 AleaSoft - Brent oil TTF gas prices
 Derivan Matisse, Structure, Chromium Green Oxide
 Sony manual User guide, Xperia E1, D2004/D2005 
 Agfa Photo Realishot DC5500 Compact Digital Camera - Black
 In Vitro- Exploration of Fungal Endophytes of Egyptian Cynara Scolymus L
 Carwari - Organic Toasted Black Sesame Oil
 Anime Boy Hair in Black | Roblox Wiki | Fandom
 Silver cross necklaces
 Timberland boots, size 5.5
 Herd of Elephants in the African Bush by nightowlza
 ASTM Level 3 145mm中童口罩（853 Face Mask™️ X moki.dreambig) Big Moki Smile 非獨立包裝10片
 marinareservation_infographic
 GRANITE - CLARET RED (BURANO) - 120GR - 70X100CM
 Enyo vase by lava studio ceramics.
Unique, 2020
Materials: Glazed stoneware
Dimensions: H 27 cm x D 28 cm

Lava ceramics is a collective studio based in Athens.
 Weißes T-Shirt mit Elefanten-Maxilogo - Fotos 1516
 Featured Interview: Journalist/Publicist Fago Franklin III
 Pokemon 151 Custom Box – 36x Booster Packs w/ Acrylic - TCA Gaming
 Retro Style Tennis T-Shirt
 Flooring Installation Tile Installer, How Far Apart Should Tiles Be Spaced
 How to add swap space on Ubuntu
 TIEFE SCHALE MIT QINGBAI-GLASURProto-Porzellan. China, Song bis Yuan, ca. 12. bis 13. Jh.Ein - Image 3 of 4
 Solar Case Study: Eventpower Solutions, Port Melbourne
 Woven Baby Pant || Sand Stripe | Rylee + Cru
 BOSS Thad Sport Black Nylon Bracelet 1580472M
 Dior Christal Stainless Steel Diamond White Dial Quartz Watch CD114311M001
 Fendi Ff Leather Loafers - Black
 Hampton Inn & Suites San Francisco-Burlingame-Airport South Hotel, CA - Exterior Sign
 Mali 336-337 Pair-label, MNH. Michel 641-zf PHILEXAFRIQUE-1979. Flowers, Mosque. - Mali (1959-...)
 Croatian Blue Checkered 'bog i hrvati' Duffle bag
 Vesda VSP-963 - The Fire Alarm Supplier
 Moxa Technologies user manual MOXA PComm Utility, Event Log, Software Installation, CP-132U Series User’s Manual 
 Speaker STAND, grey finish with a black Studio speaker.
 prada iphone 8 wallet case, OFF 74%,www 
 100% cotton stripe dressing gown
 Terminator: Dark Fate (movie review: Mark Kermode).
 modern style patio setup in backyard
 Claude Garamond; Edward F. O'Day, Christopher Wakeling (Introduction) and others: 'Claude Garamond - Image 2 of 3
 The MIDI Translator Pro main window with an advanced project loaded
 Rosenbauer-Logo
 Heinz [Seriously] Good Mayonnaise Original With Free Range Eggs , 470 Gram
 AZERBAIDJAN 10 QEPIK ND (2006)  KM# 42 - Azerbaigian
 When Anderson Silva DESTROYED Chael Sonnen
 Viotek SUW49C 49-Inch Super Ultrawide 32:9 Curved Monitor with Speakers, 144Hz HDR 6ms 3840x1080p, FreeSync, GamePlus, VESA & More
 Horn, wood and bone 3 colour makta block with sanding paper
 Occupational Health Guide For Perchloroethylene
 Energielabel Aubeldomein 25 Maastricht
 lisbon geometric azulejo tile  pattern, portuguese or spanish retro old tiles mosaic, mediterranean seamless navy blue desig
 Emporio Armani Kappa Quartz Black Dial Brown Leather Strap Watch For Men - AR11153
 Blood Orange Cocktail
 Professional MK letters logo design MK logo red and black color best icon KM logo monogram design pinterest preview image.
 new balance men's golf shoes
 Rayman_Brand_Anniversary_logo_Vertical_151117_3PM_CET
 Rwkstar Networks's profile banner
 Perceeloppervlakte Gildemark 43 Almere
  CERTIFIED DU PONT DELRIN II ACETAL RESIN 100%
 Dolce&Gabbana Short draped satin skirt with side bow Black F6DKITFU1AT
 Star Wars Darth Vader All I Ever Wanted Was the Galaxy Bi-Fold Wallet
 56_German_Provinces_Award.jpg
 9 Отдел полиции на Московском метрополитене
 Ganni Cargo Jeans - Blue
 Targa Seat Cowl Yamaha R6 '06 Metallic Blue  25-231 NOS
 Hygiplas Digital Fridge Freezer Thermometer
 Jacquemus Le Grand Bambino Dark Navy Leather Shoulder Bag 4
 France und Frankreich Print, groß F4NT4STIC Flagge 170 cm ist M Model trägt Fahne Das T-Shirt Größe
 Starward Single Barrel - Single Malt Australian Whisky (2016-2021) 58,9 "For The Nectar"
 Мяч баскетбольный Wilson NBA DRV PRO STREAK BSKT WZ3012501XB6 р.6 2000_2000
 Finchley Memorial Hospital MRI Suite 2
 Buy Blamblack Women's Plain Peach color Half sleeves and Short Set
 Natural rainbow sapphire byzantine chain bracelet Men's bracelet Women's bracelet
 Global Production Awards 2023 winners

##########

> To do
Transcribe exactly, and only, the lines from the opening line of the records through the line containing "BOSS Thad Sport".

> Output below
 AleaSoft - Brent oil TTF gas prices
 Derivan Matisse, Structure, Chromium Green Oxide
 Sony manual User guide, Xperia E1, D2004/D2005 
 Agfa Photo Realishot DC5500 Compact Digital Camera - Black
 In Vitro- Exploration of Fungal Endophytes of Egyptian Cynara Scolymus L
 Carwari - Organic Toasted Black Sesame Oil
 Anime Boy Hair in Black | Roblox Wiki | Fandom
 Silver cross necklaces
 Timberland boots, size 5.5
 Herd of Elephants in the African Bush by nightowlza
 ASTM Level 3 145mm中童口罩（853 Face Mask™️ X moki.dreambig) Big Moki Smile 非獨立包裝10片
 marinareservation_infographic
 GRANITE - CLARET RED (BURANO) - 120GR - 70X100CM
 Enyo vase by lava studio ceramics.
Unique, 2020
Materials: Glazed stoneware
Dimensions: H 27 cm x D 28 cm

Lava ceramics is a collective studio based in Athens.
 Weißes T-Shirt mit Elefanten-Maxilogo - Fotos 1516
 Featured Interview: Journalist/Publicist Fago Franklin III
 Pokemon 151 Custom Box – 36x Booster Packs w/ Acrylic - TCA Gaming
 Retro Style Tennis T-Shirt
 Flooring Installation Tile Installer, How Far Apart Should Tiles Be Spaced
 How to add swap space on Ubuntu
 TIEFE SCHALE MIT QINGBAI-GLASURProto-Porzellan. China, Song bis Yuan, ca. 12. bis 13. Jh.Ein - Image 3 of 4
 Solar Case Study: Eventpower Solutions, Port Melbourne
 Woven Baby Pant || Sand Stripe | Rylee + Cru
 BOSS Thad Sport Black Nylon Bracelet 1580472M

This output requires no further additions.